-- INFORMATION SUPPLIED follows --

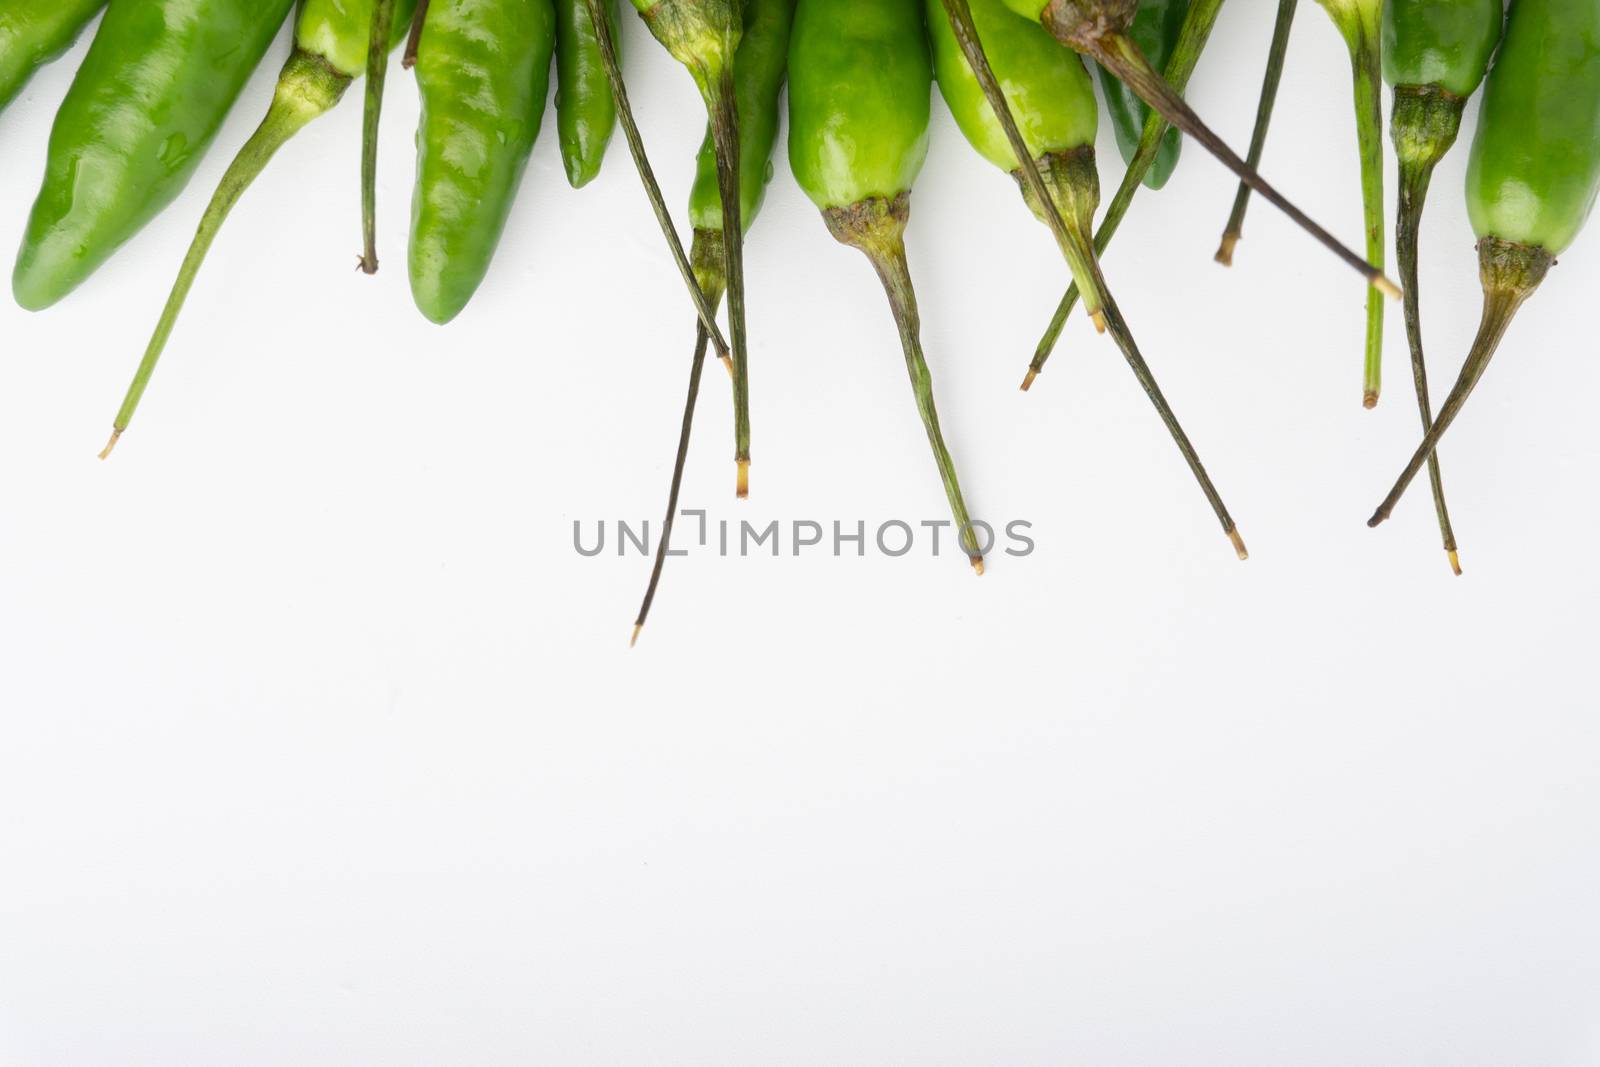 Green BirdÕs eye chili,Thai Chili pepper ,bird chili pepper nature isolate on white background. Selective focus and crop fragment
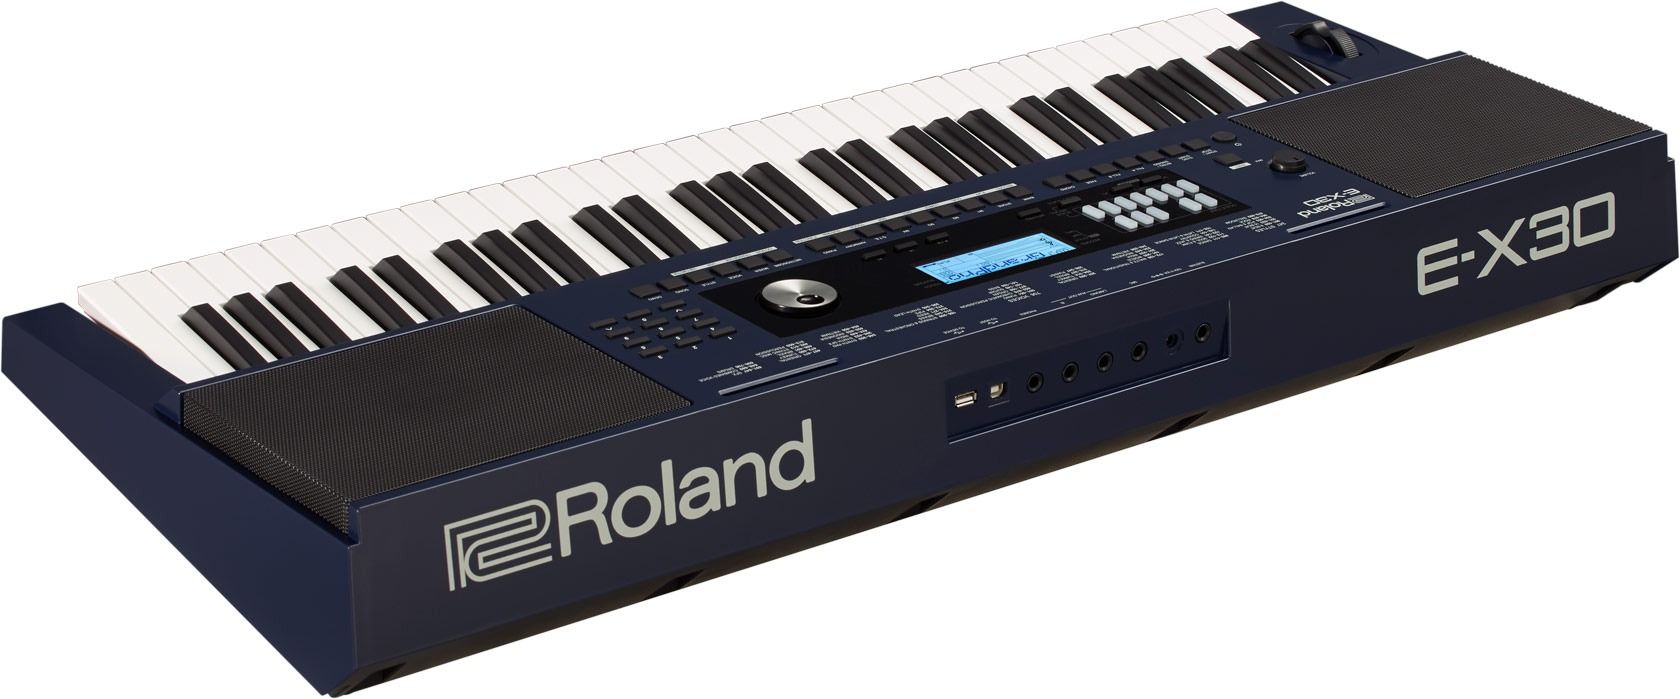  Đàn Organ Roland E-X30 
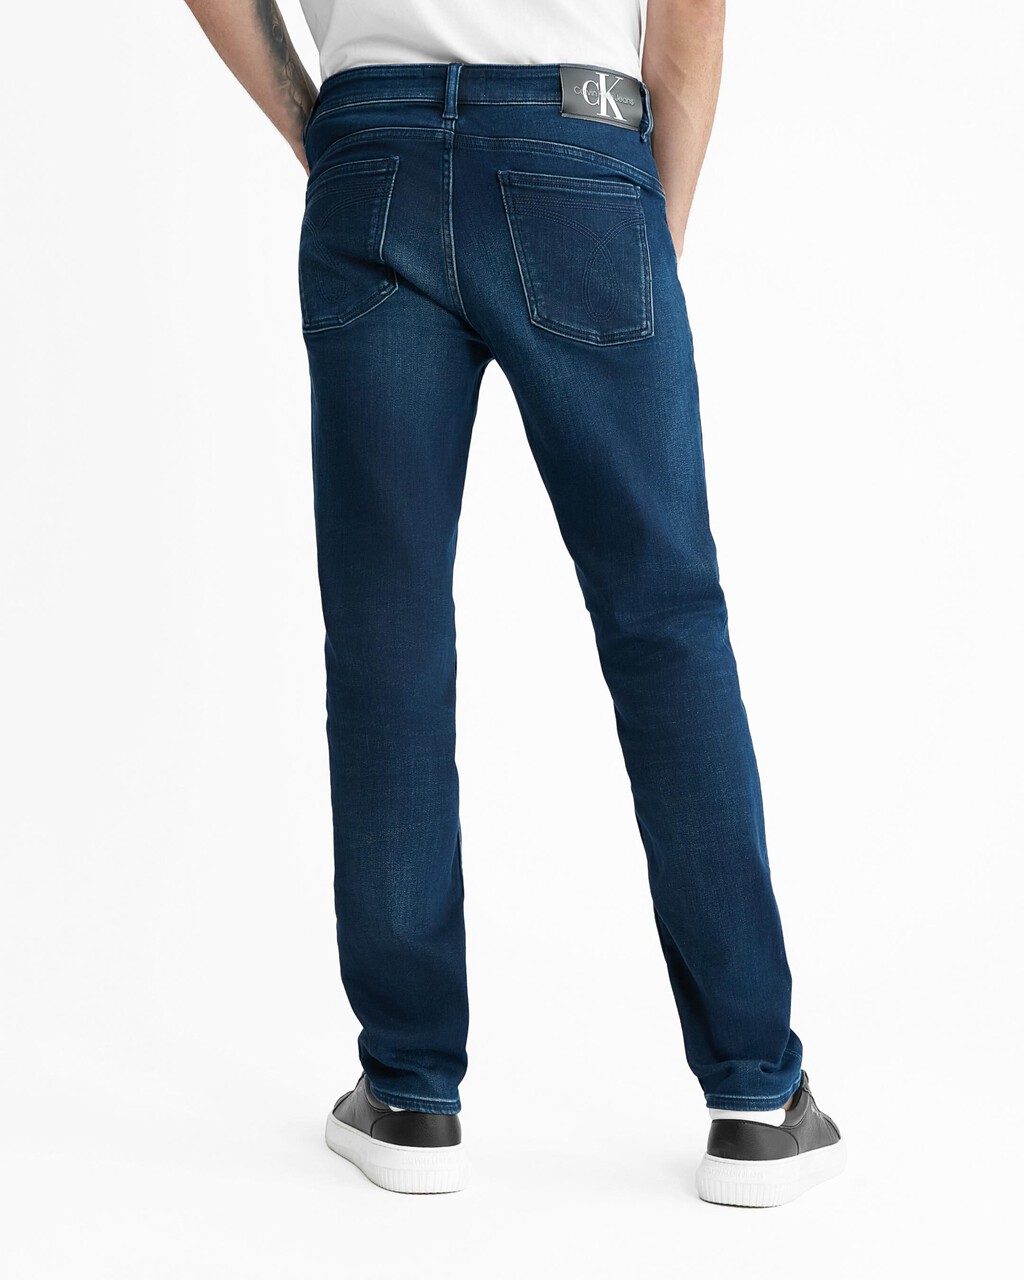 Luxe Lined Body Jeans, Denim Dark, hi-res
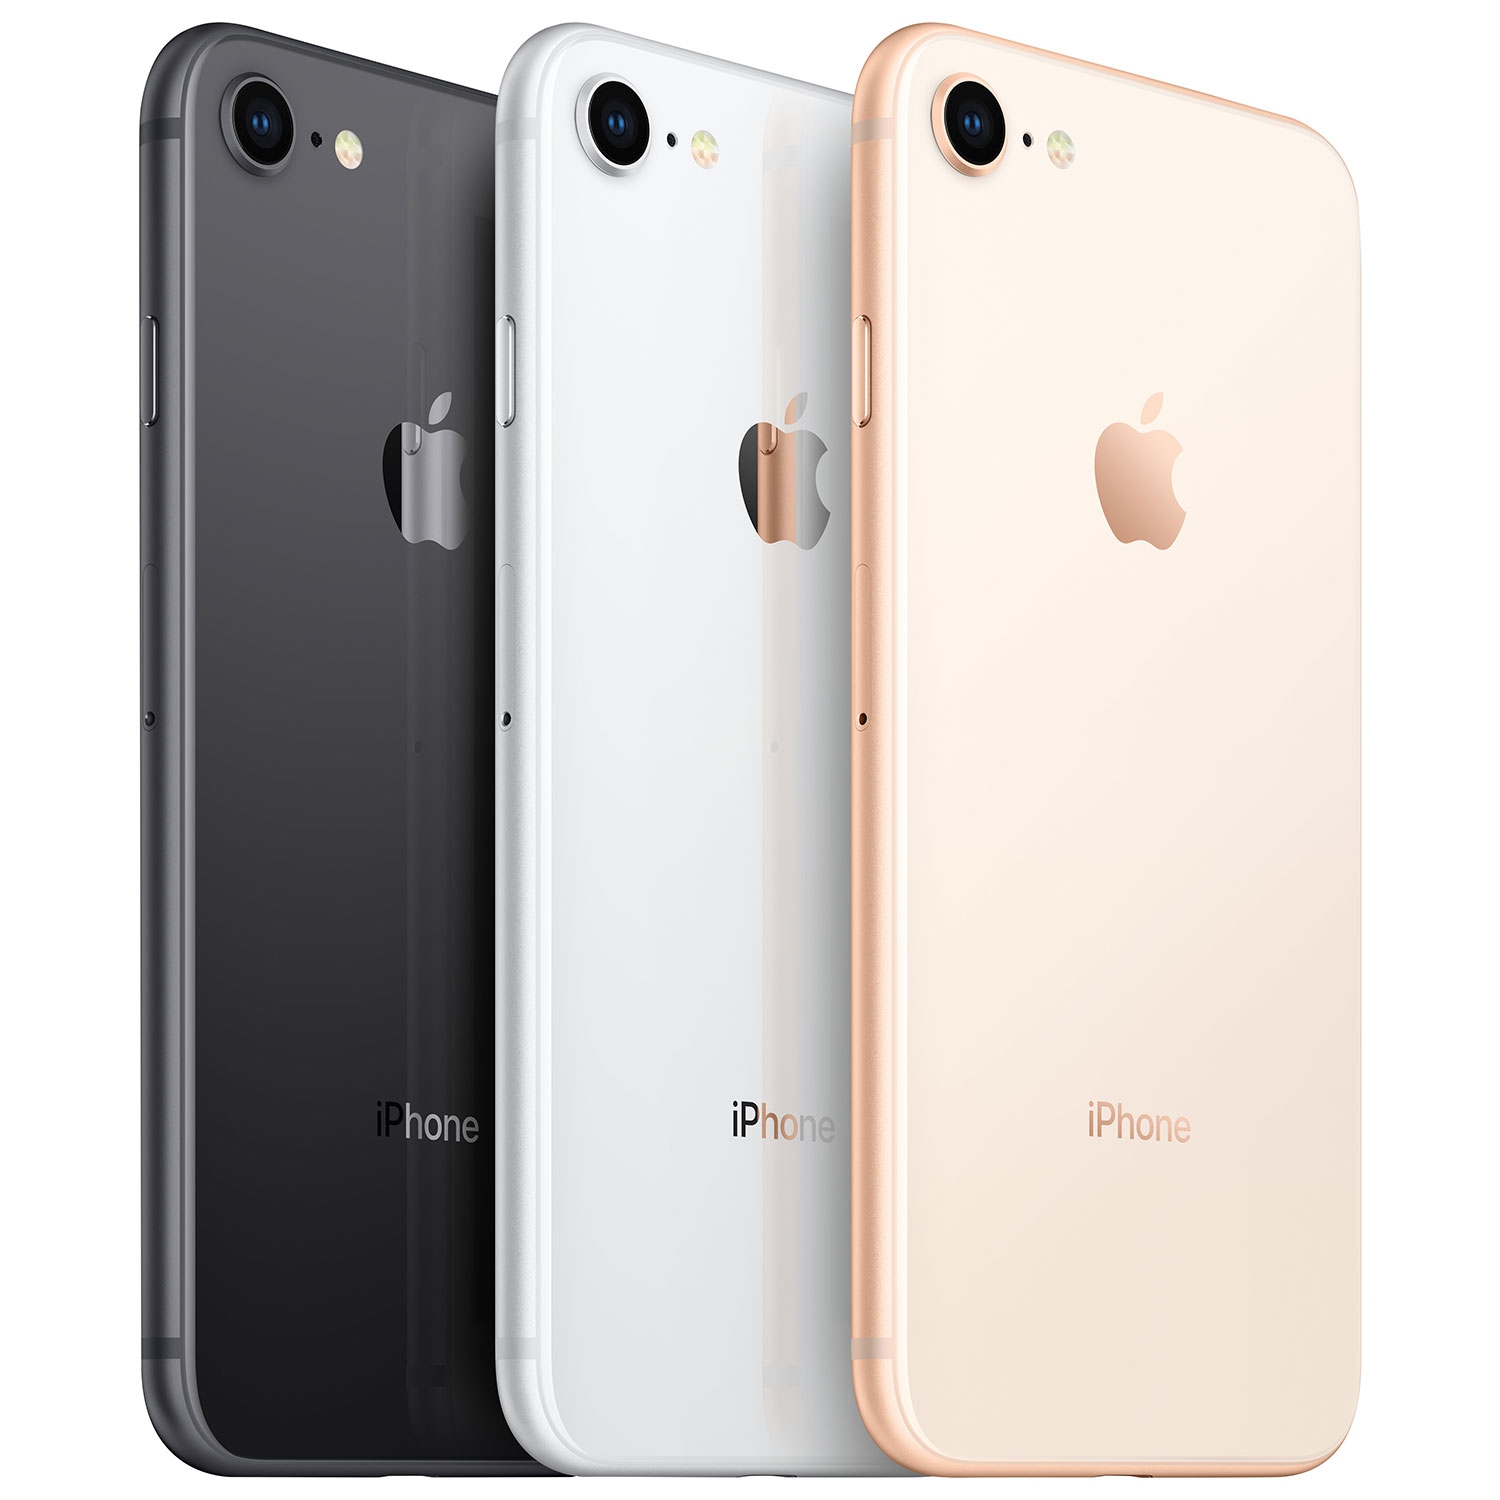 Apple iPhone 8 64GB Smartphone - Silver - Unlocked - Open Box

-- INFORMATION SUPPLIED concluded --

EXERCISE
Once the pictures are set aside, repeat the data above exactly.

RESULT OF THE TASK
 Green BirdÕs eye chili,Thai Chili pepper ,bird chili pepper nature isolate on white background. Selective focus and crop fragment
  Đàn Organ Roland E-X30 
 Luxe Lined Body Jeans, Denim Dark, hi-res
 Apple iPhone 8 64GB Smartphone - Silver - Unlocked - Open Box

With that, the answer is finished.